According to claim 10,
The selection step is
Upon completion of the sampling and the sorting, a correlation score is calculated using a Spearman correlation coefficient between source data for the plurality of source projects and target data for the target data, and the p-value of the calculated correlation score is a cutoff Deriving an average of correlation scores calculated for each of the metrics performed on the plurality of source projects and the target project by setting it to 0 if it is greater than the threshold value
Heterogeneous defect prediction method comprising a.

According to claim 1,
The step of predicting the heterogeneous defect,
Constructing a logistic regression-based predictive model for each of the selected at least one or more source projects, and predicting a defect label of the target project using the constructed logistic regression-based predictive model.
Heterogeneous defect prediction method comprising a.

According to claim 12,
The step of predicting the heterogeneous defect,
Returning predicted probabilities from each logistic regression-based prediction model through soft voting, and determining an average of the returned probabilities as a final predicted label.
Heterogeneous defect prediction method comprising a.

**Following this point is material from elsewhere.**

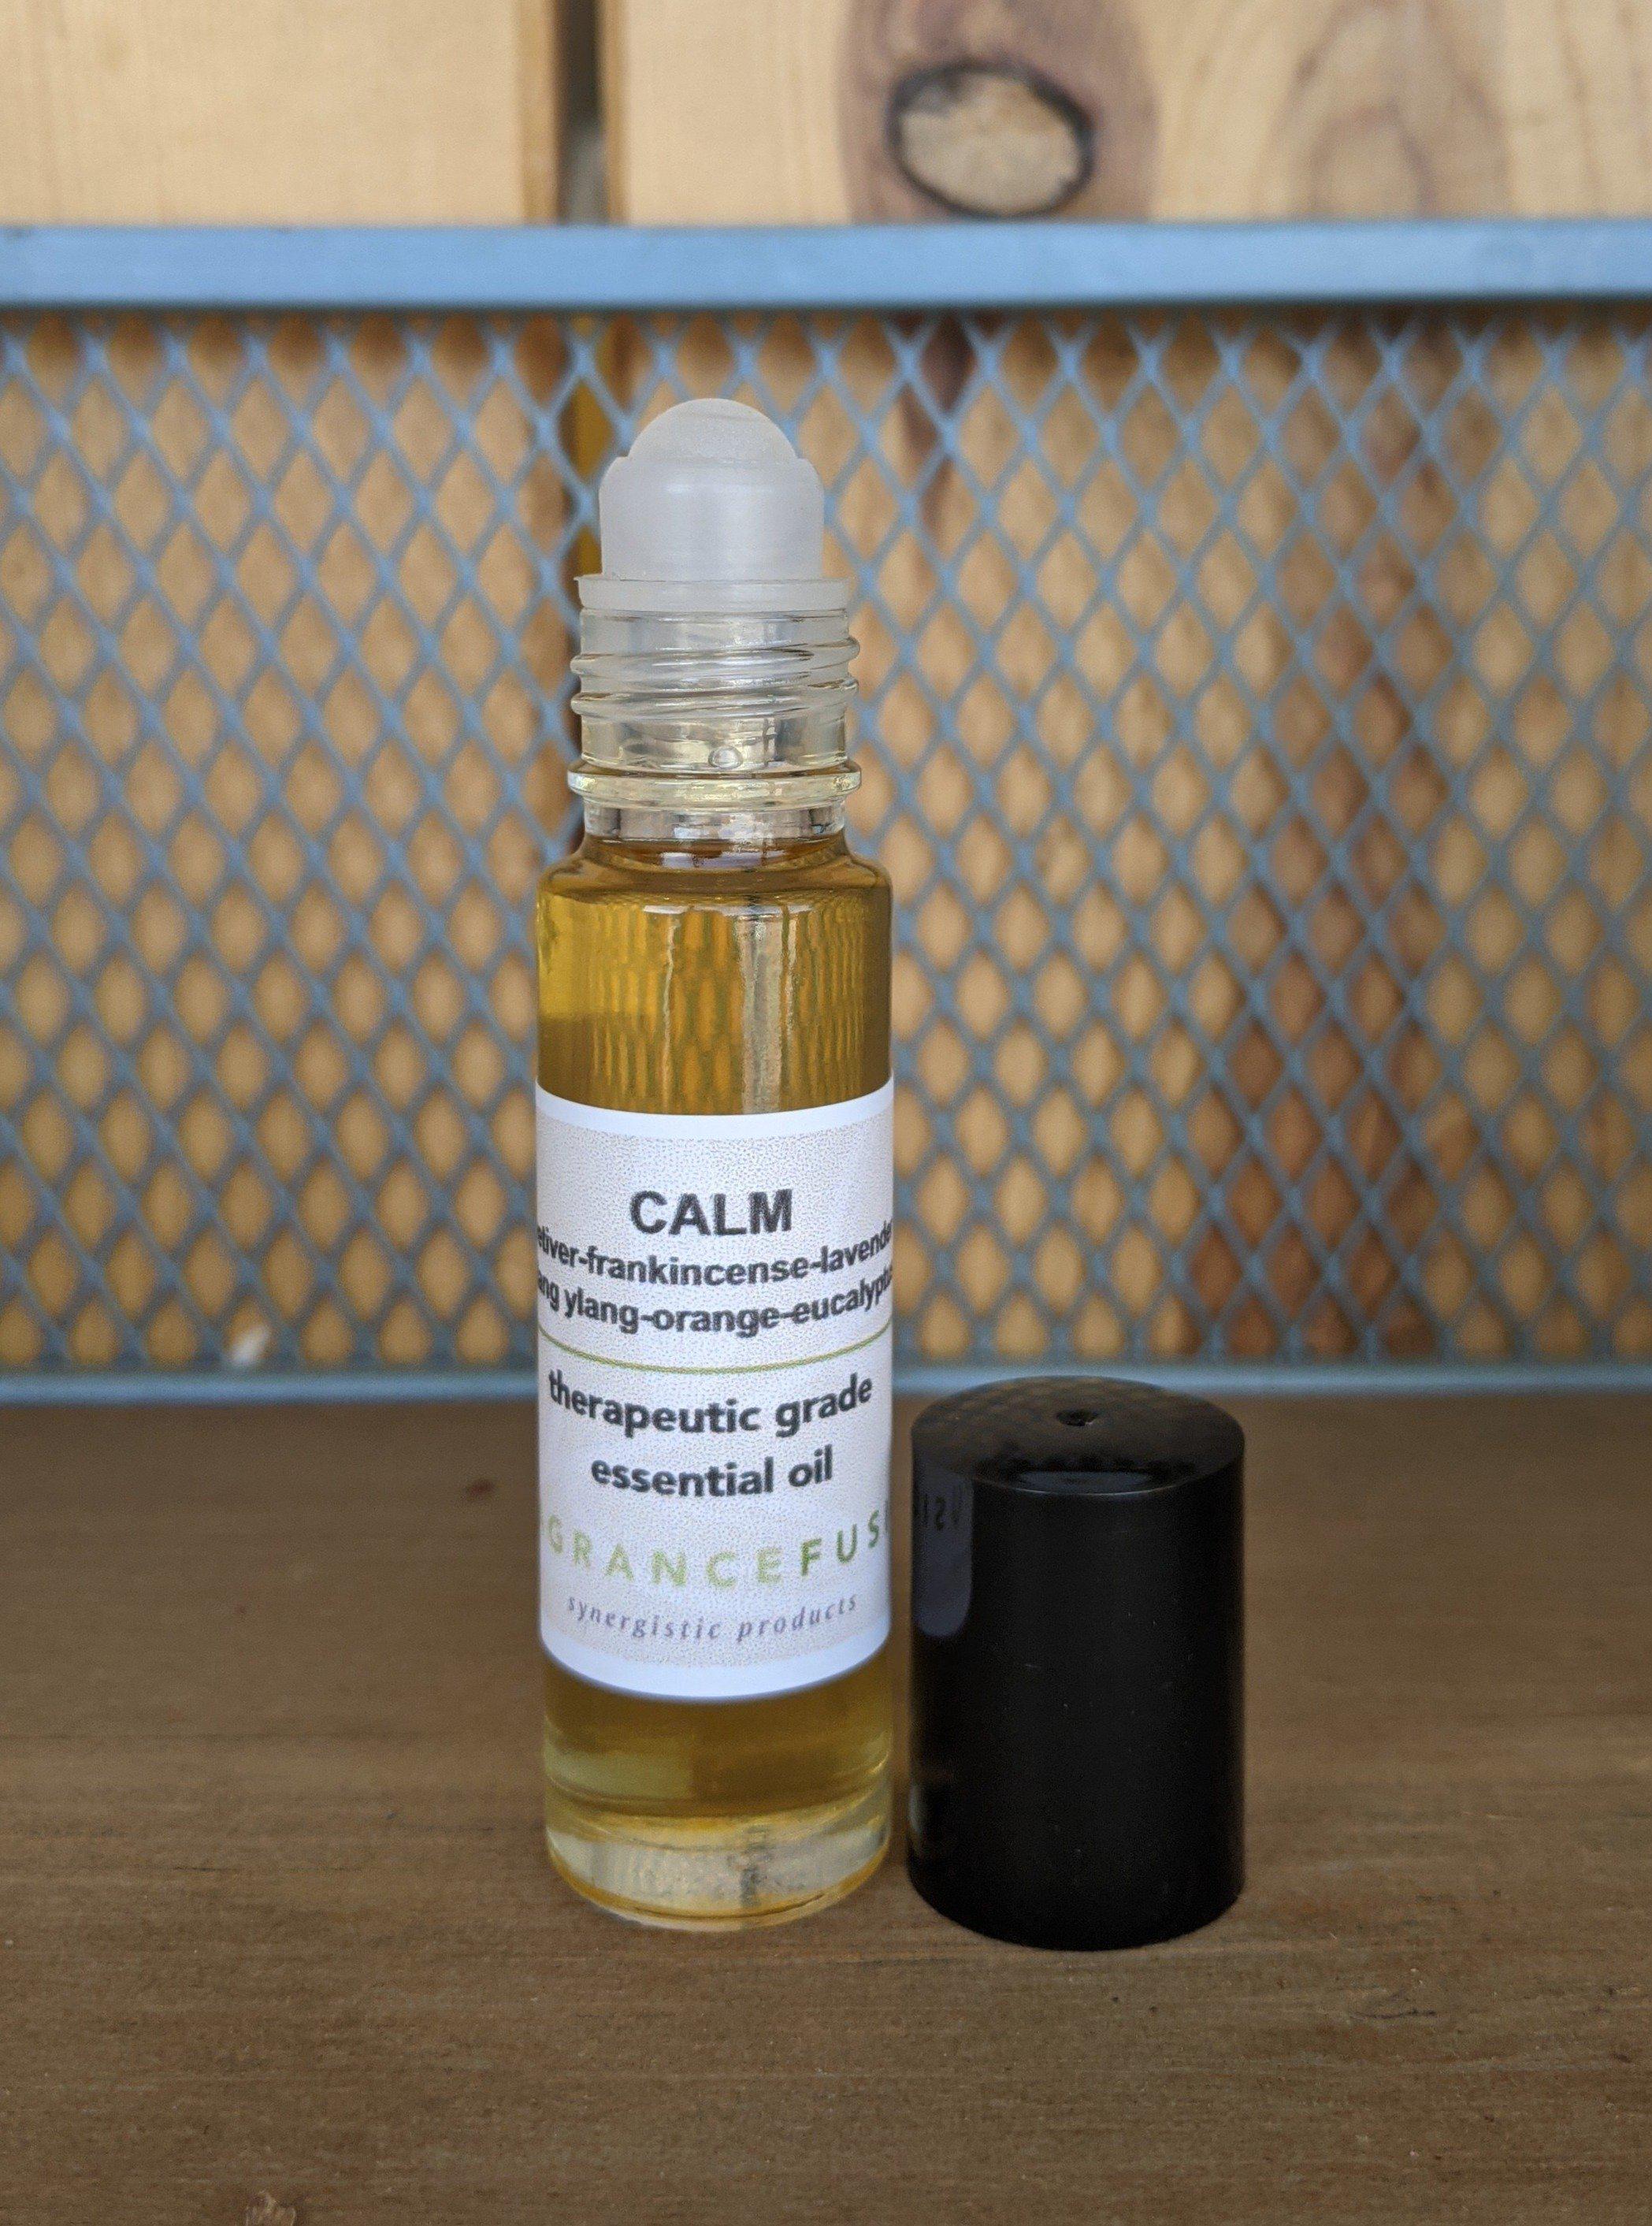 CALM essential oil blend

A computer program stored in a computer readable storage medium for executing a heterogeneous defect prediction method performed by a defect prediction system,
selecting at least one source project for ensemble learning by analyzing a correlation between a plurality of source projects and a target project; and
Predicting heterogeneous defects of a target project through ensemble learning of the selected at least one or more source projects.
A computer program stored in a computer readable storage medium comprising a.

In the defect prediction system,
A correlation analyzer for selecting at least one source project for ensemble learning by analyzing the correlation between a plurality of source projects and a target project; and
An ensemble learning unit that predicts heterogeneous defects of a target project through ensemble learning of the selected at least one source project.
Defect prediction system comprising a.